The Traditional Testing methods are static in nature and designed to detect possible defects in early stages of SDLC. With the goal to find lexical, syntactic and even some semantic mistakes. Also focus is more on functional aspects where system is tested around functional requirements and specifications with less focus on the specialized services. Traditional testing methods relies more on descriptive and diagnostics analysis of post testing improvements. And with lot of manual processes and lack of automation traditional methods of testing usually takes weeks or months for software rollout. Also, there are major drawbacks in the traditional approach like less customer focus, reactive to feedback, difficult to detect and isolate defects, and adaptation to new environment etc.

There are few drivers for adoption of analytics into software testing methodologies:

·         Mission Critical Dependency: With mission critical and high-risk applications running on software applications, testing is expected to achieve zero defects and trusted quality. Many cases software bugs created havoc for the customers, companies and its reputation. 

·         Financial implications of bugs: Besides the hit to the customer experience and company reputation, many of the examples of software bugs/failures have resulted in huge financial cost implications for the organizations.                

·         Emerging Tech: Massive adoption of mobile and cloud services have impacted Test Environment Management (TEM) as well as Test Data Management (TDM), however traditional approaches fails to deliver required level of efficiency.
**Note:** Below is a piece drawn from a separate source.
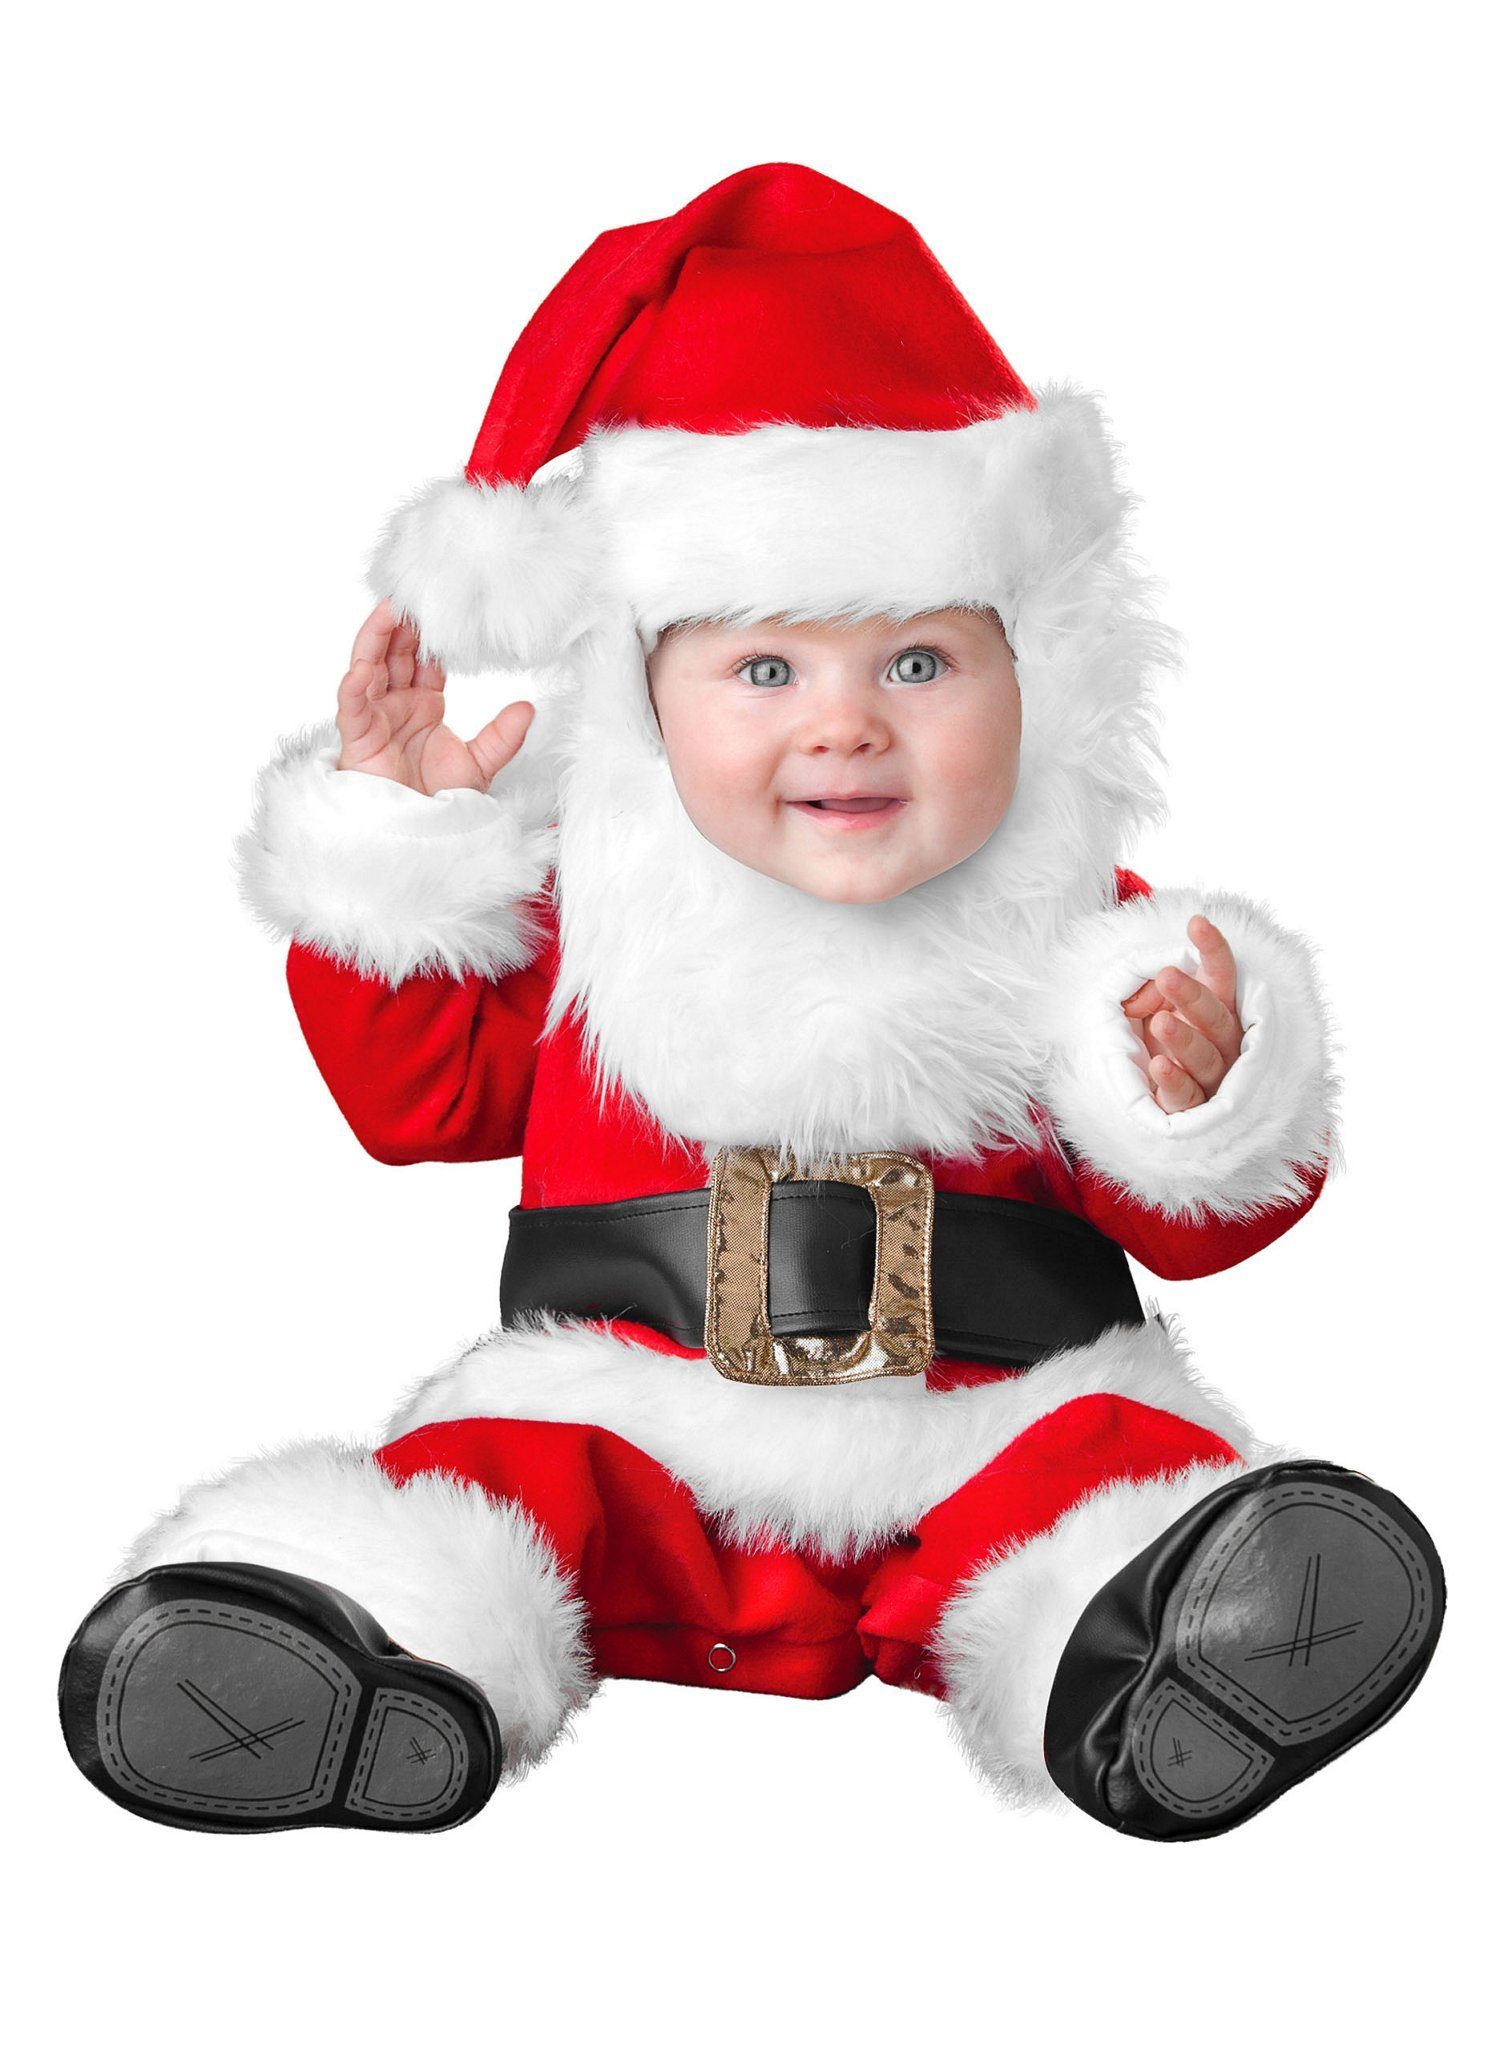 In Character Kostüm Bärtiger Weihnachtsmann, Lustiges Weihnachtskostüm für kleine Santa Cläuschen
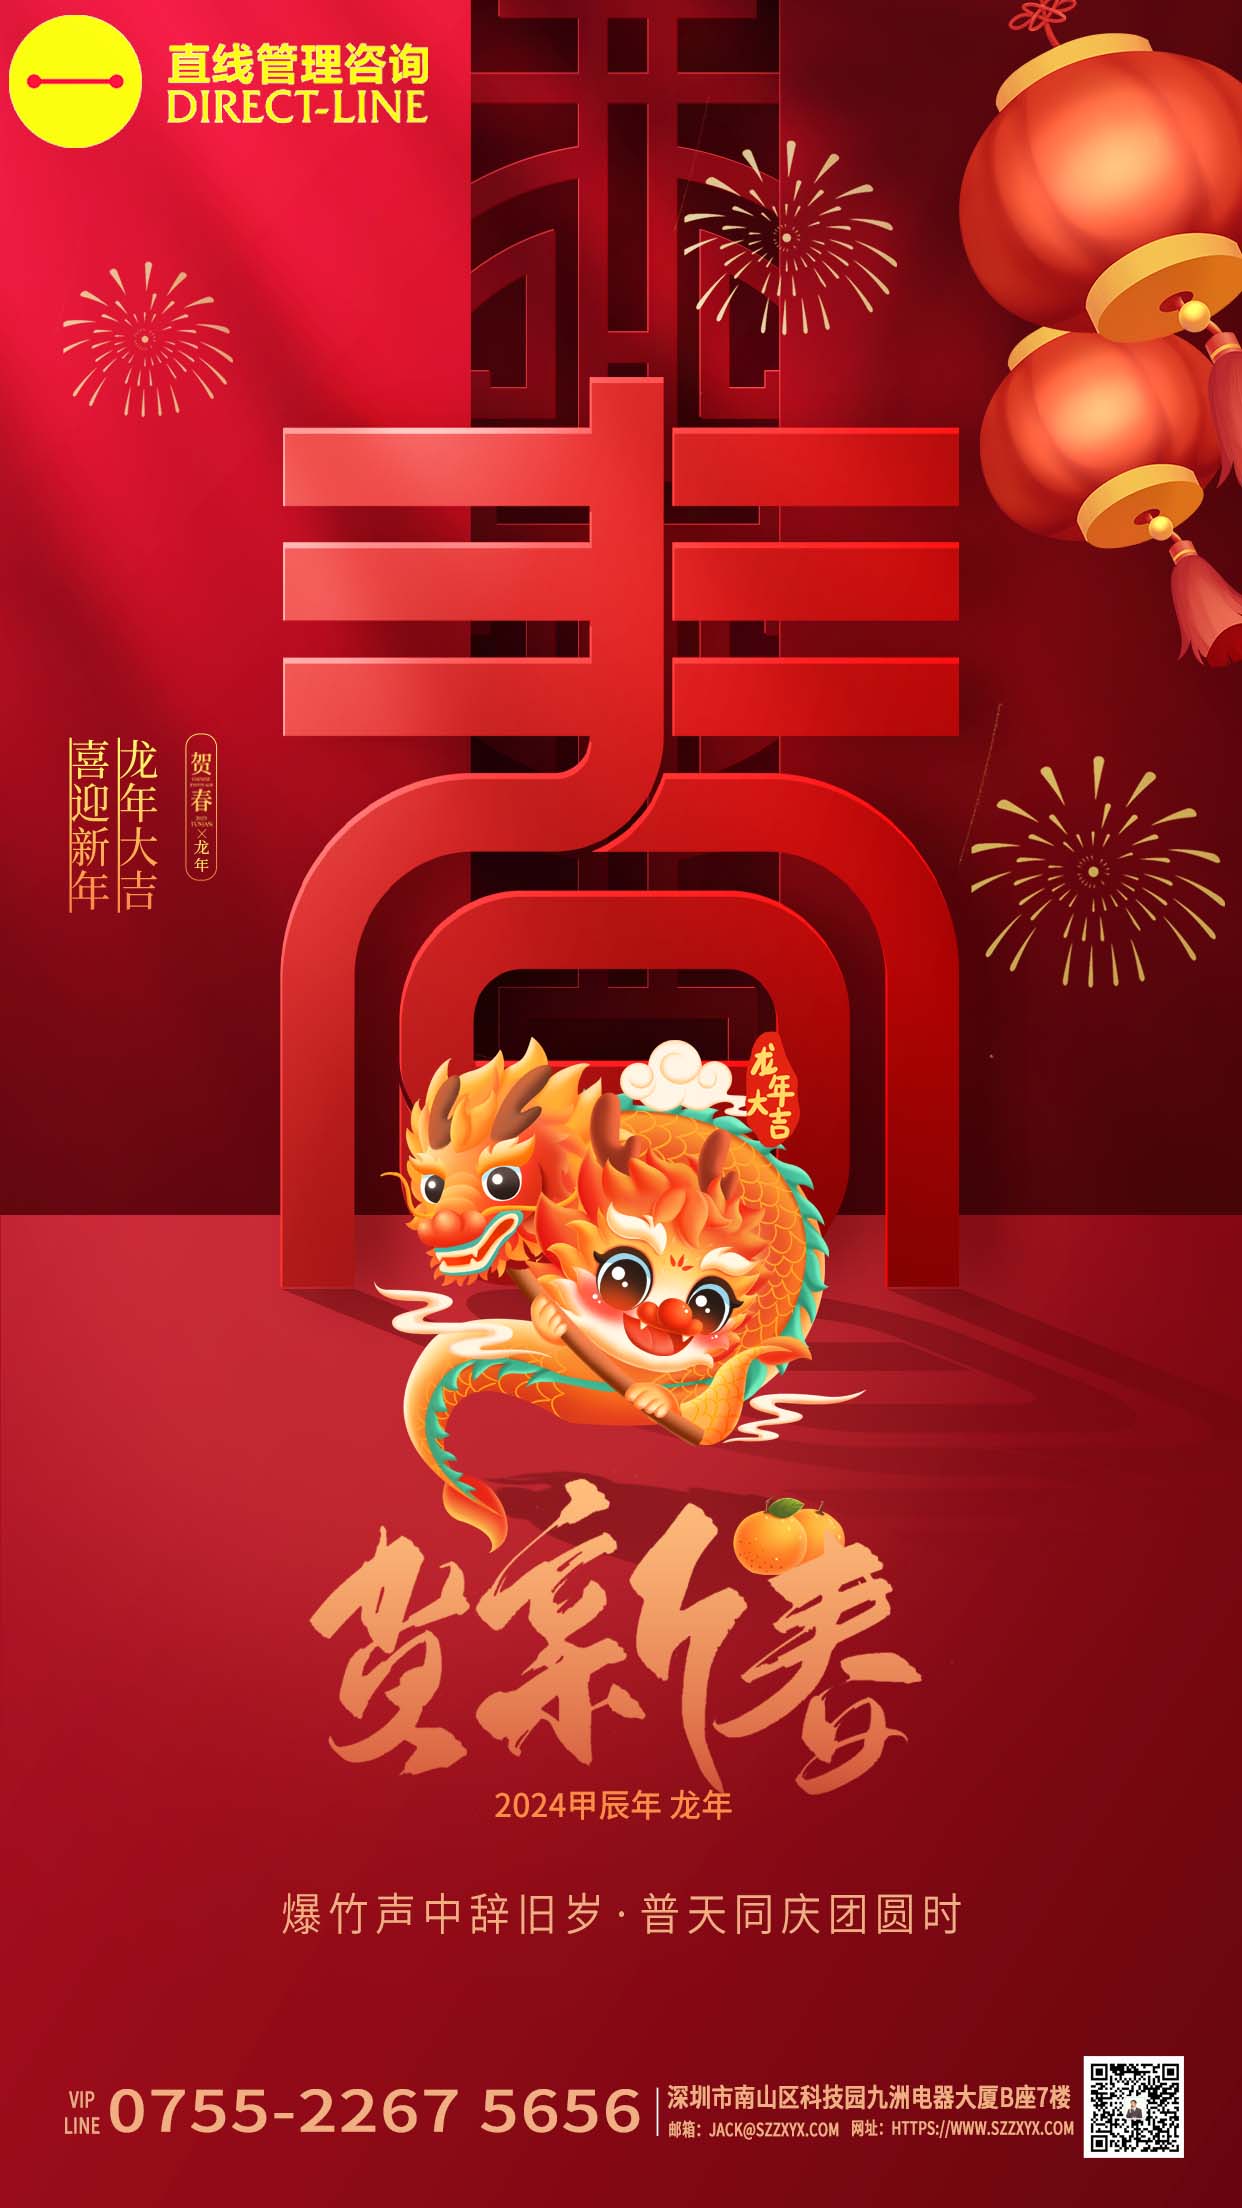 深圳英超联赛买足球管理咨询恭祝大家“喜迎新年,龙年大吉”!

·         Faster on-going testing: Advent of Agile & DevOps has made shorter software development as new normal, but even more is needed to meet today's demand for faster go-to-market (GTM)

The use of analytics in software testing will positively impact efficiency and effectiveness quality process as well as overall release cycles. There are multiple features of analytics which can be leveraged into the software testing landscape like AI and ML led platforms can help in defect analysis, log analytics, test prioritization, improvement in overall test coverage, and automated test case generation. Predictive analytics to spot future failures in view of the past data sources. Enabling pre- cognitive defect healing & proactive defect prevention. Advanced Visualization in form of real time data of test performance, test history charts & Error logs in dashboard can create significant grounds to improve the testing procedures of the future. Touchless fully automated testing across software development life cycle. Along with robotics, ML, conversational AI or natural language processing etc. Use of various analytics techniques such as ANN, NLP, reinforcement learning, deep learning etc. for automation of the testing methods and processes. Use of open source test automation solutions like Selenium and Appium for web and mobile have a high impact in automation and digital transformation.

Many players in the market are showcasing their 'analytics in testing' capabilities via AI/ML. Some of the AI powered tools in the market are NIA, Applitools, SauceLabs, Testim, Sealights, Mabl, ReTest etc. There is huge potential for touchless fully automated analytics based software testing which focuses on automated defect identification as well as automated healing (via bots). Most of the competitors has rolled the solutions under the umbrella of QA services solution or automated software testing solution.